■ **Provided data**
· · · · ·

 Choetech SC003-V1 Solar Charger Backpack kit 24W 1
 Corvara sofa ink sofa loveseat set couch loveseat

· · · · ·

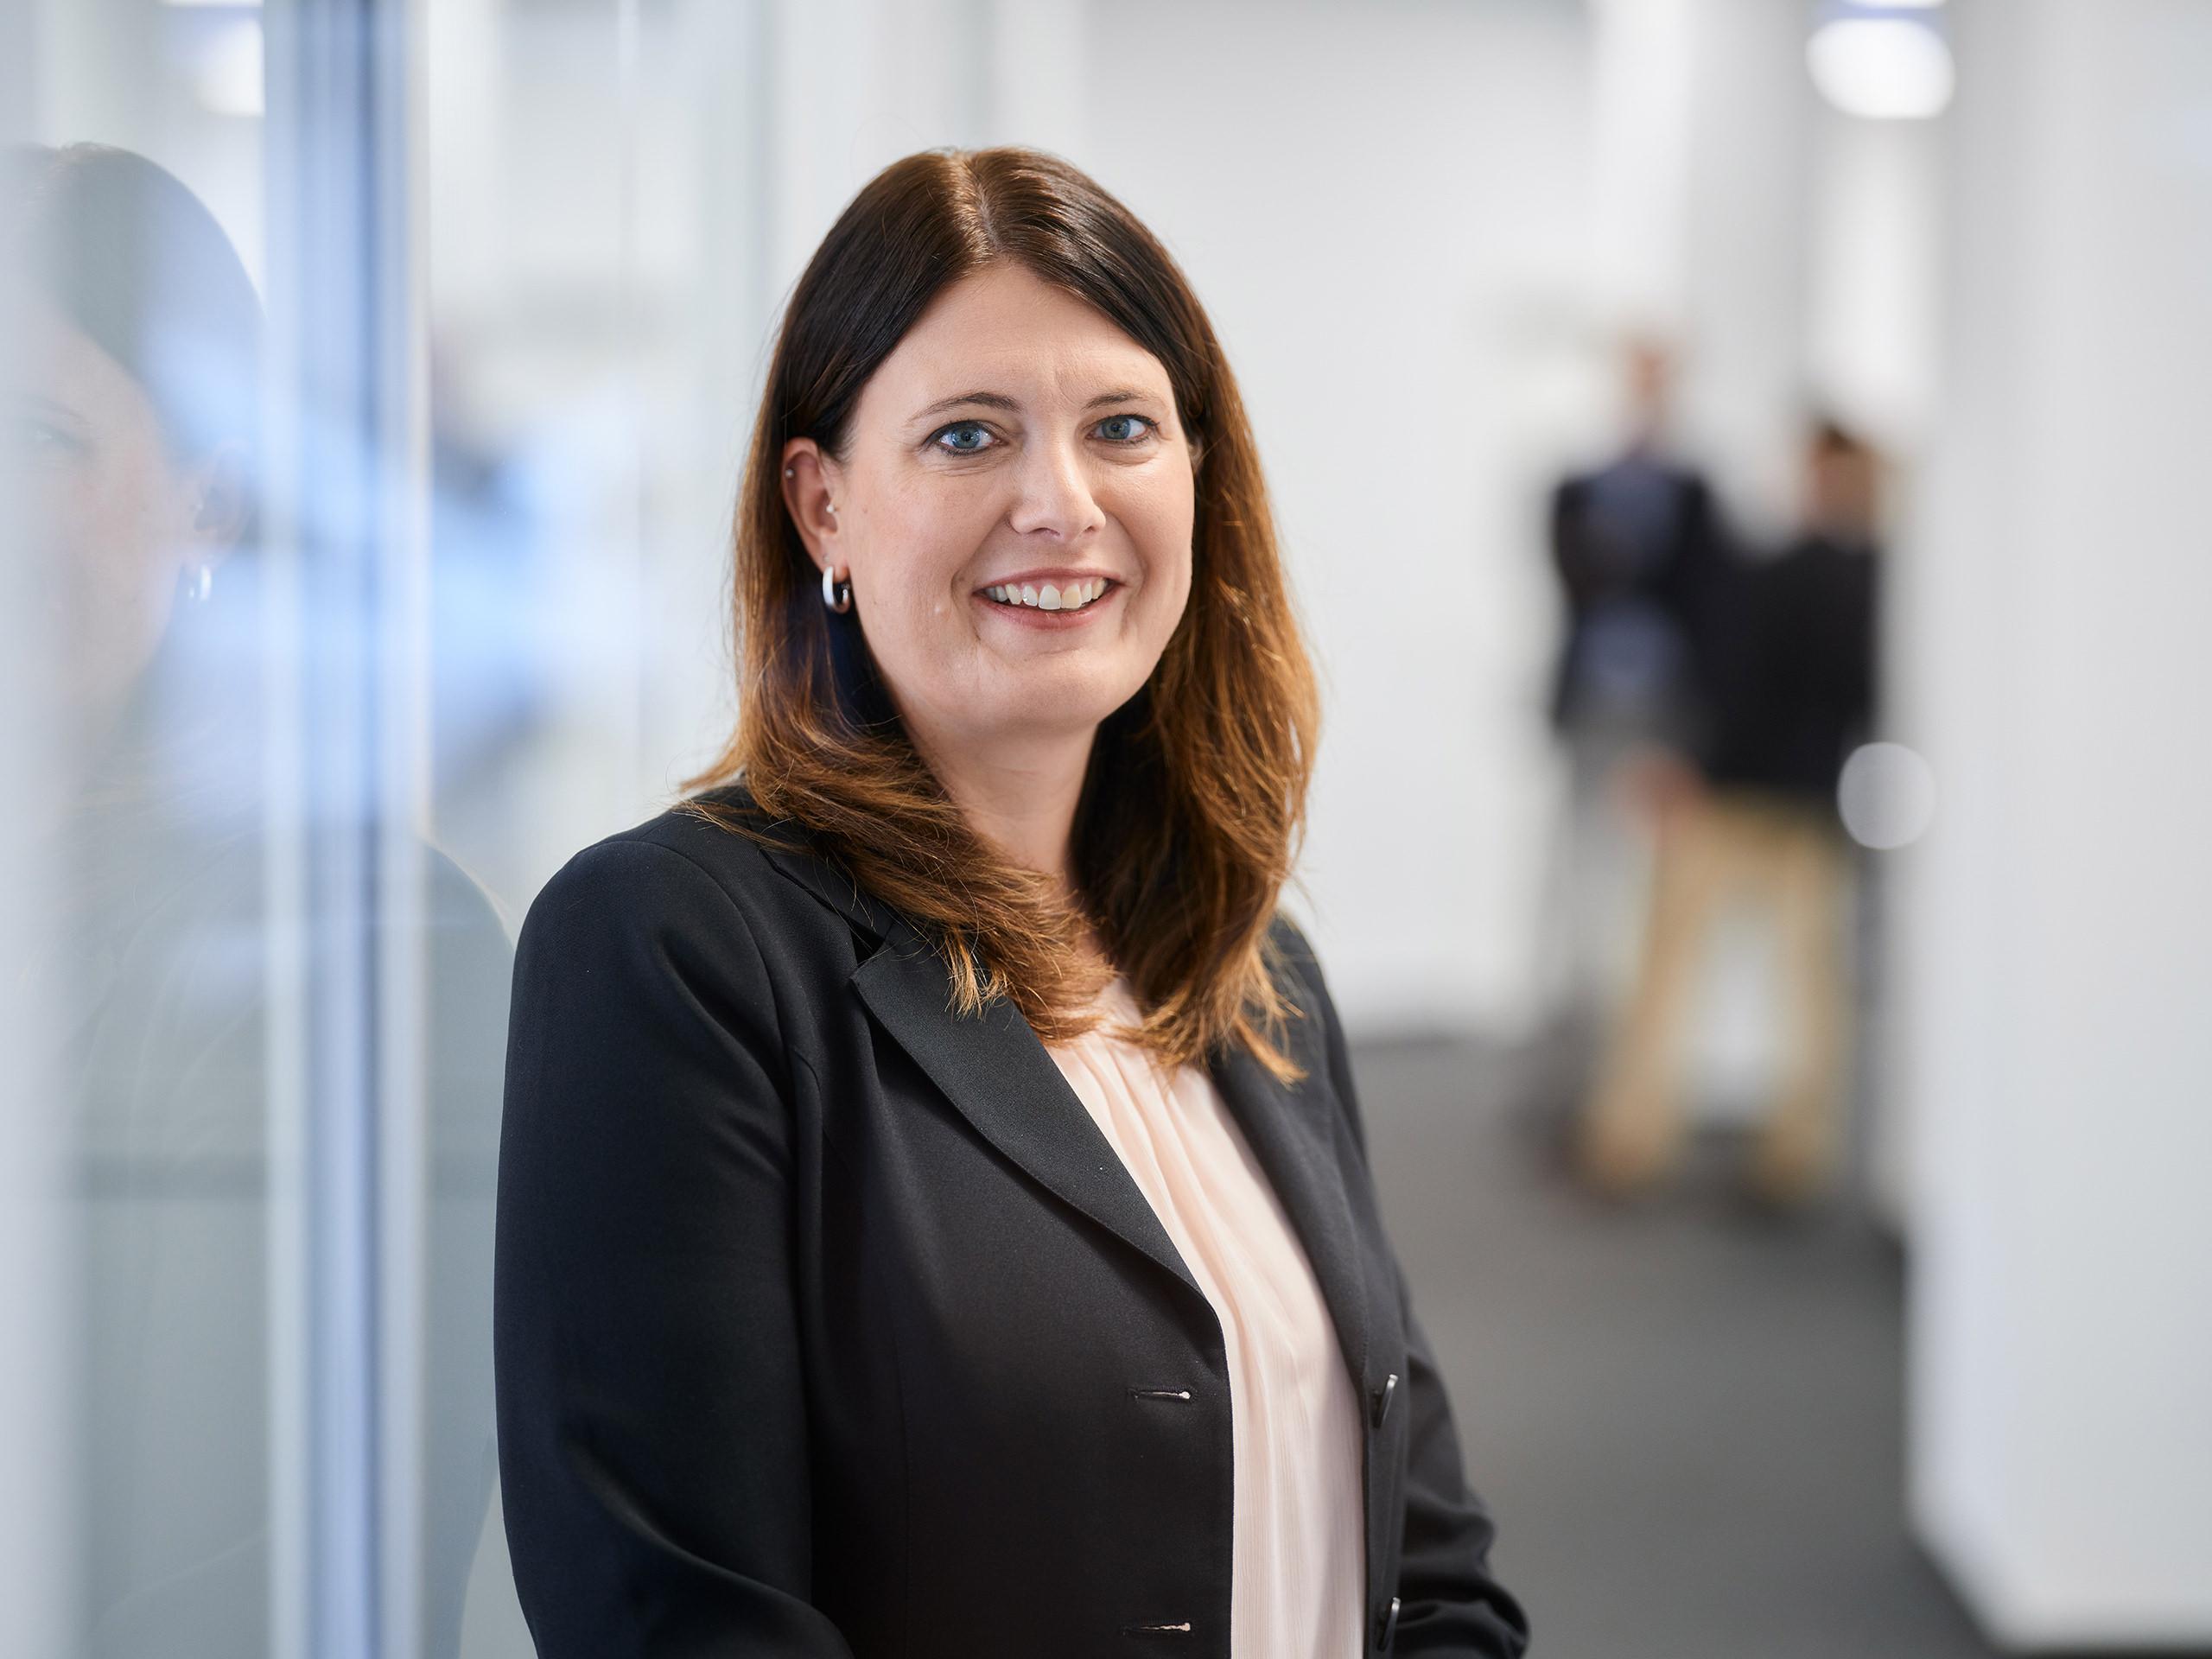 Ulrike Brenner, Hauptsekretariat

· · · · ·

■ **Goal of the exercise**
Write out exactly the lines above between the line with "Choetech SC003-V1 Solar" and the line with "Corvara sofa ink", inclusive, and nothing beyond them.

■ **Response to the exercise**
 Choetech SC003-V1 Solar Charger Backpack kit 24W 1
 Corvara sofa ink sofa loveseat set couch loveseat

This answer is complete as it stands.